As the neuron U, a multiple-input single-output element is usually used as illustrated in FIG. 10 . The signal is transmitted only in one direction, and the input signal xi (i=1, 2, . . . , n) is multiplied by a certain neuron weighting value (SUwi) and input to the neuron U. This neuron weighting value represents the strength of connection between the neuron U and the neuron U arranged in a hierarchical manner. The neuron weighting values can be varied by learning. From the neuron U, a value X obtained by subtracting the neuron threshold θU from the sum of input values (SUwi×xi) multiplied by a neuron weighting value SUwi is output after being deformed by a response function f(X).
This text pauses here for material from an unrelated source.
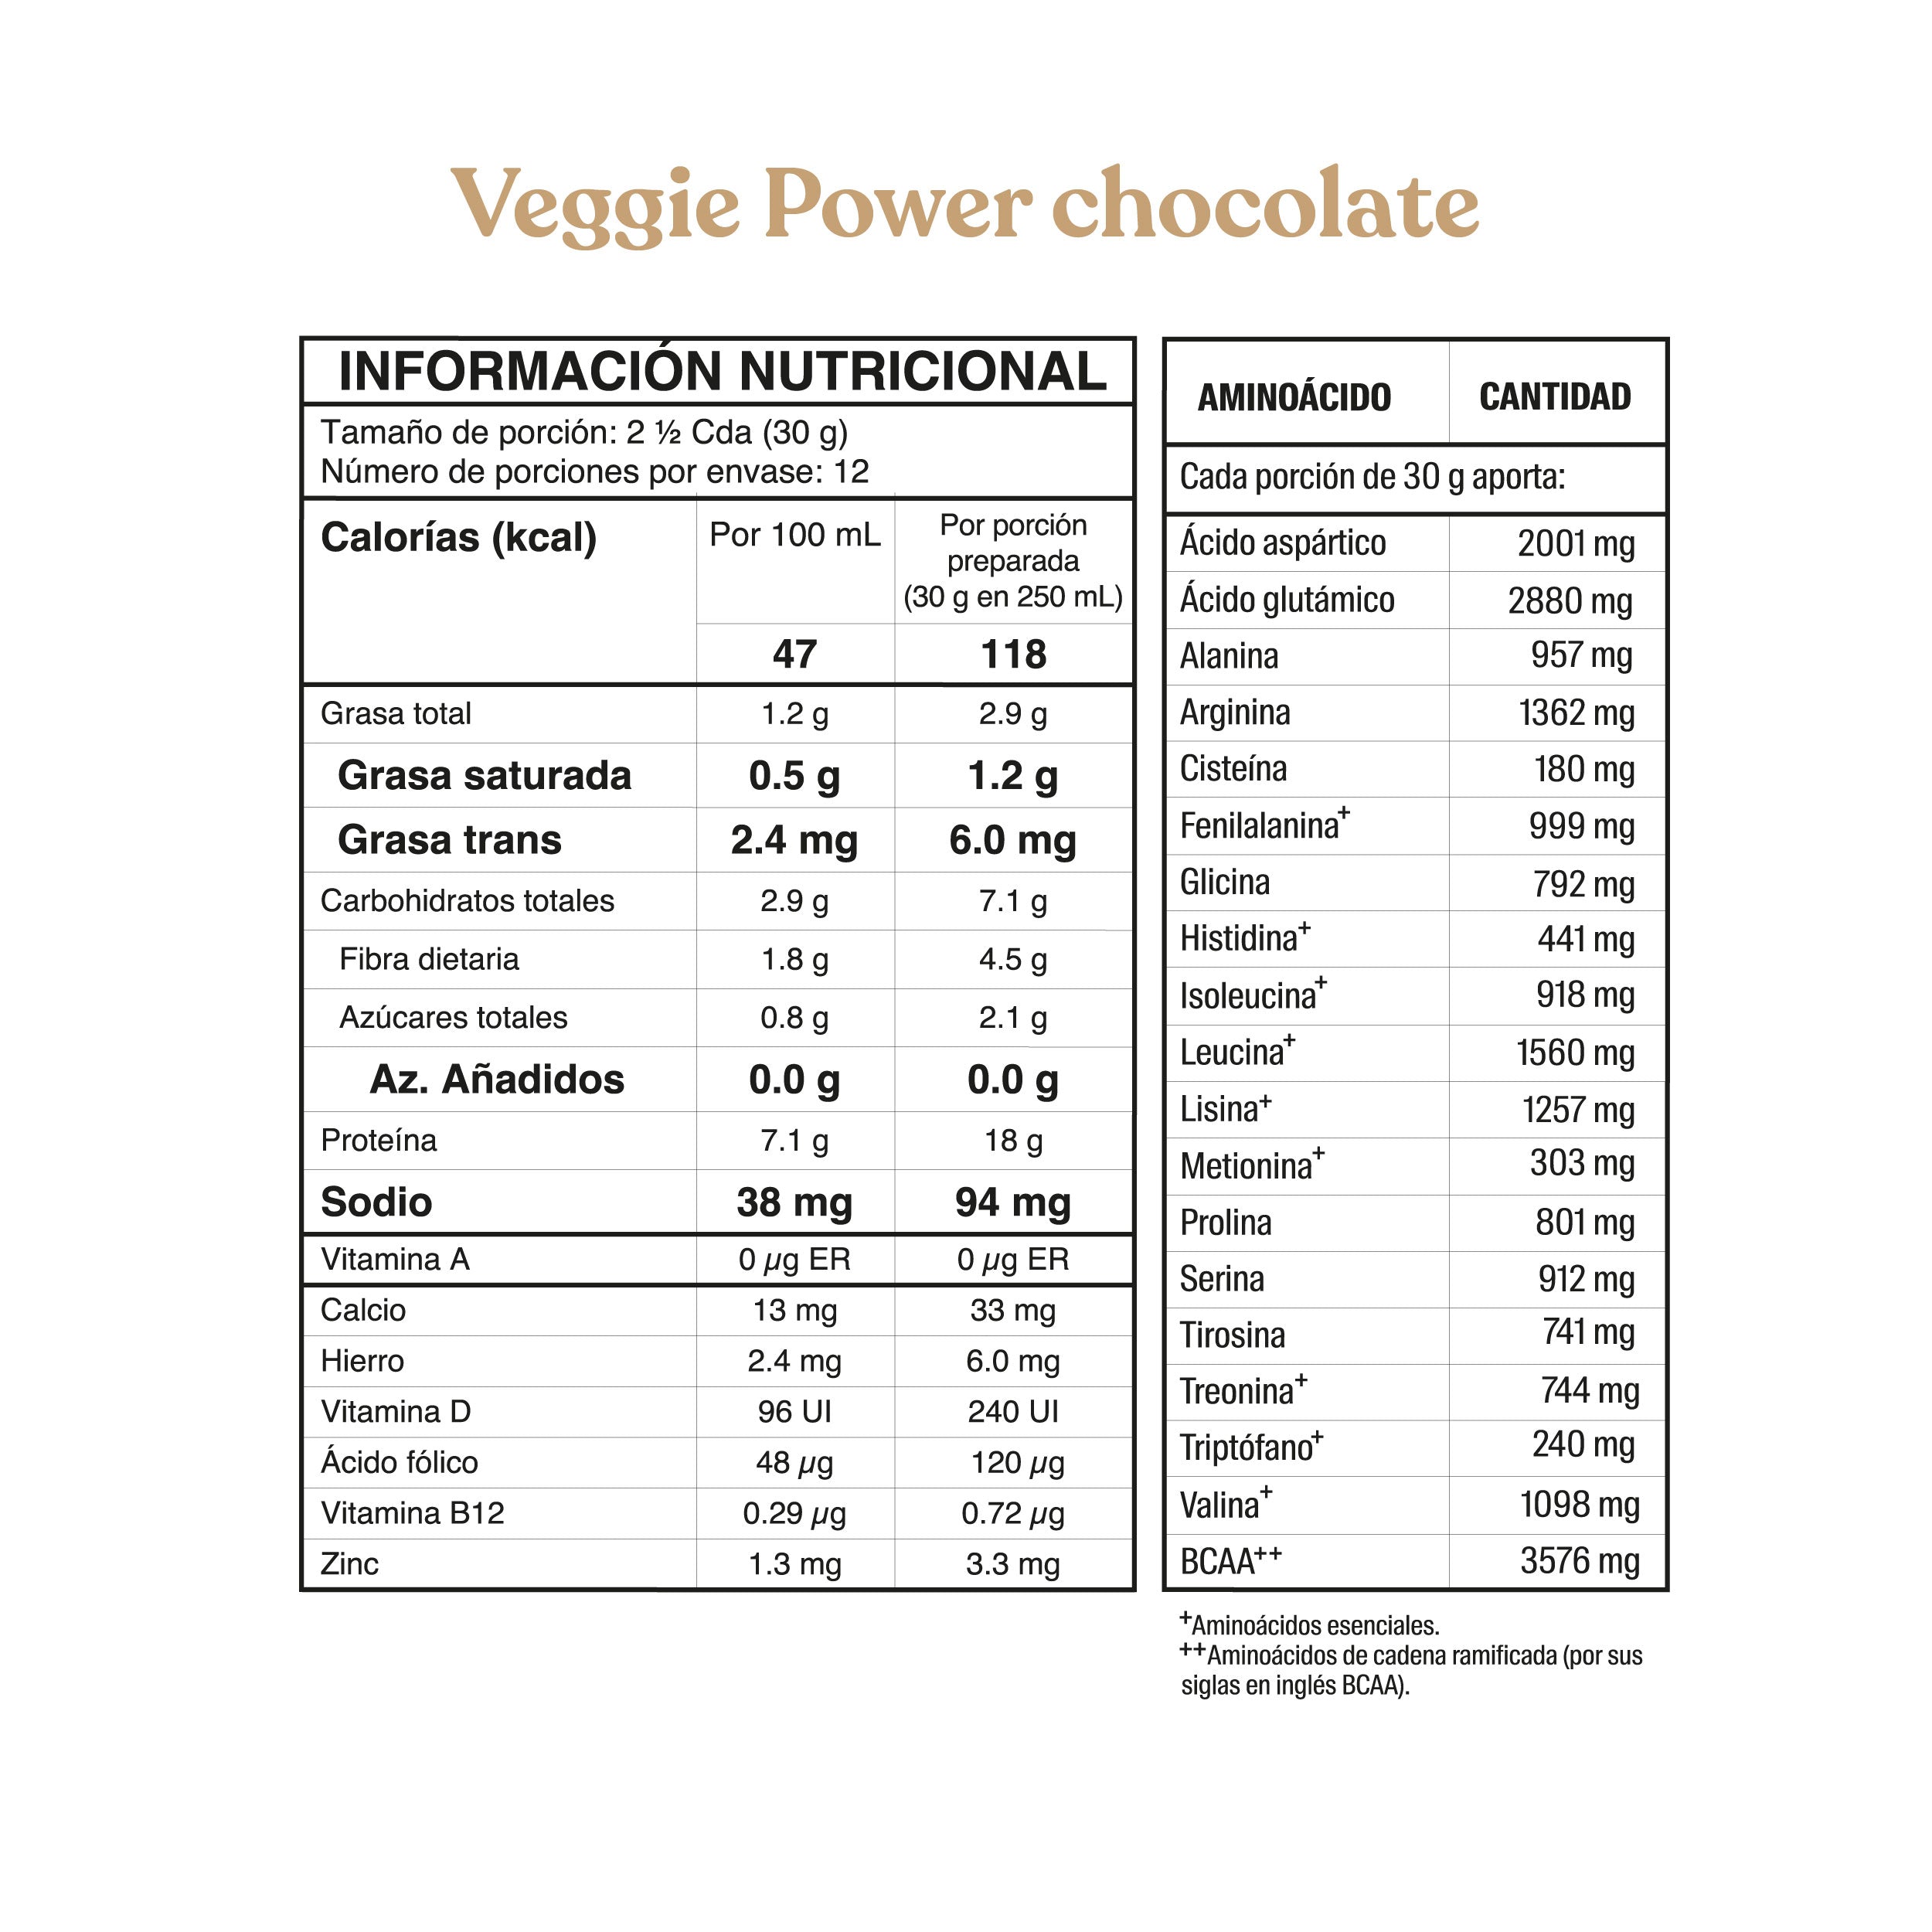 Veggie Powder chocolate mini 360gr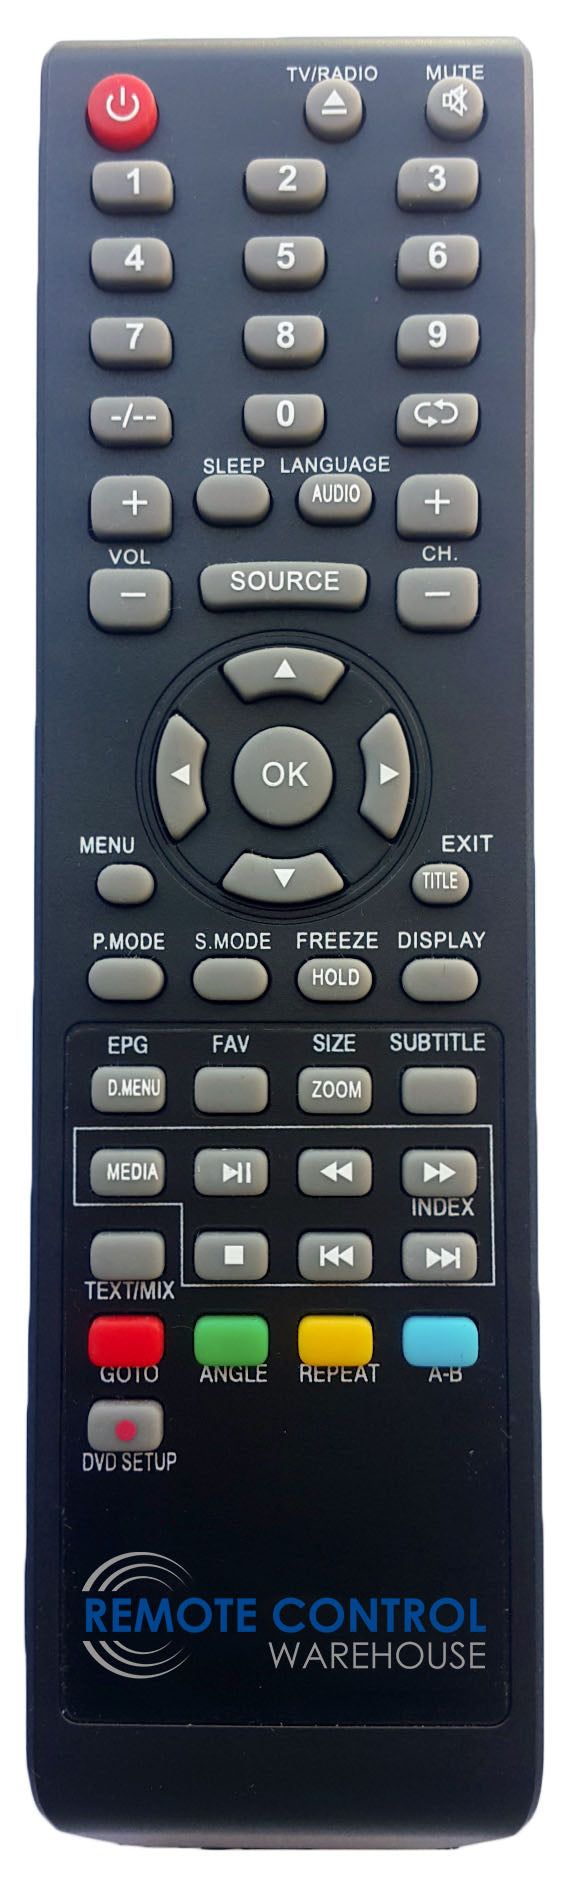 AKAI REPLACEMENT REMOTE CONTROL - AK-VJ55FHD15 AKVJ55FHD15 LED TV - Remote Control Warehouse

That is, an output value y of the neuron U is expressed by the following mathematical expression.
y=f(X)

- where
- X=Σ(SUwi×xi)−θU. Note that, as the response function, for example, a sigmoid function can be used.

Each neuron U of the input layer 50 a usually does not have a sigmoid characteristic or a neuron threshold. Therefore, the input value appears in the output as it is. On the other hand, each neuron U in the final layer (output layer) of the recognition layer 50 c outputs an identification result in the recognition layer 50 c.
As a learning algorithm of the neural network 50, for example, an error back propagation method (back propagation) is used in which a neuron weighting value and the like of the recognition layer 50 c and a neuron weighting value and the like of the feature extraction layer 50 b are sequentially changed using a steepest descent method so that a square error between a value (data) indicating a correct answer and an output value (data) from the recognition layer 50 c is minimized.
(2) Training Process
A training process in the neural network 50 will be described.
The training process is a process of performing preliminary learning of the neural network 50. In the training process, preliminary learning or additional learning of the neural network 50 is performed using learning image data with a correct answer (with annotation data) obtained in advance.
FIG. 11 schematically illustrates a propagation model of data at a time of preliminary learning or additional learning.
The image data is input to the input layer 50 a of the neural network 50 for each image, and is output from the input layer 50 a to the feature extraction layer 50 b. In each neuron U of the feature extraction layer 50 b, an operation with a neuron weighting value is performed on the input data. By this calculation, in the feature extraction layer 50 b, a feature (for example, a region of the object) is extracted from the input data, and data indicating the extracted feature is output to the recognition layer 50 c (step S51).
In each neuron U of the recognition layer 50 c, calculation with a neuron weighting value for the input data is performed (step S52). Thus, identification (for example, identification of the dangerous object) based on the above features is performed. Data indicating an identification result is output from the recognition layer 50 c.
The output value (data) of the recognition layer 50 c is compared with a value indicating a correct answer, and these errors (losses) are calculated (step S53). The neuron weighting value and the like of the recognition layer 50 c and the neuron weighting value and the like of the feature extraction layer 50 b are sequentially changed so as to reduce this error (back propagation) (step S54). Thus, the recognition layer 50 c and the feature extraction layer 50 b are learned.
(3) Practical Recognition Process
A practical recognition process in the neural network 50 will be described.
FIG. 12 illustrates a propagation model of data in a case where recognition (for example, recognition of a dangerous object) is actually performed using data obtained on site as an input using the neural network 50 learned by the above training process.
In the practical recognition process in the neural network 50, feature extraction and recognition are performed using the learned feature extraction layer 50 b and the learned recognition layer 50 c (step S55).
It is useful as a technology for performing learning of a learning model of dangerous object detection mounted on a moving body such as a personal mobility or a robot that performs autonomous movement.
With a collection device according to an embodiment of the present disclosure, when a moving body actually falls into a specific state related to a danger, an image estimated to include a cause thereof is collected as the learning data, so that an object that cannot be expected by a human can also be learned as an object to be recognized as a danger.
Although embodiments of the present invention have been described and illustrated in detail, the disclosed embodiments are made for purposes of illustration and example only and not limitation. The scope of the present invention should be interpreted by terms of the appended claims.

Claims

What is claimed is:

1. A collection device of learning data of a learning model for detecting a danger of a moving body, the collection device comprising

a hardware processor that

determines whether the moving body is in a specific state related to a danger of the moving body by using an output value of a sensor that detects the specific state, and

specifies a part of images of an image group used for the danger detection as a learning image in which a cause of falling into the specific state is estimated to be captured on a basis of a timing at which the moving body is determined to be in the specific state.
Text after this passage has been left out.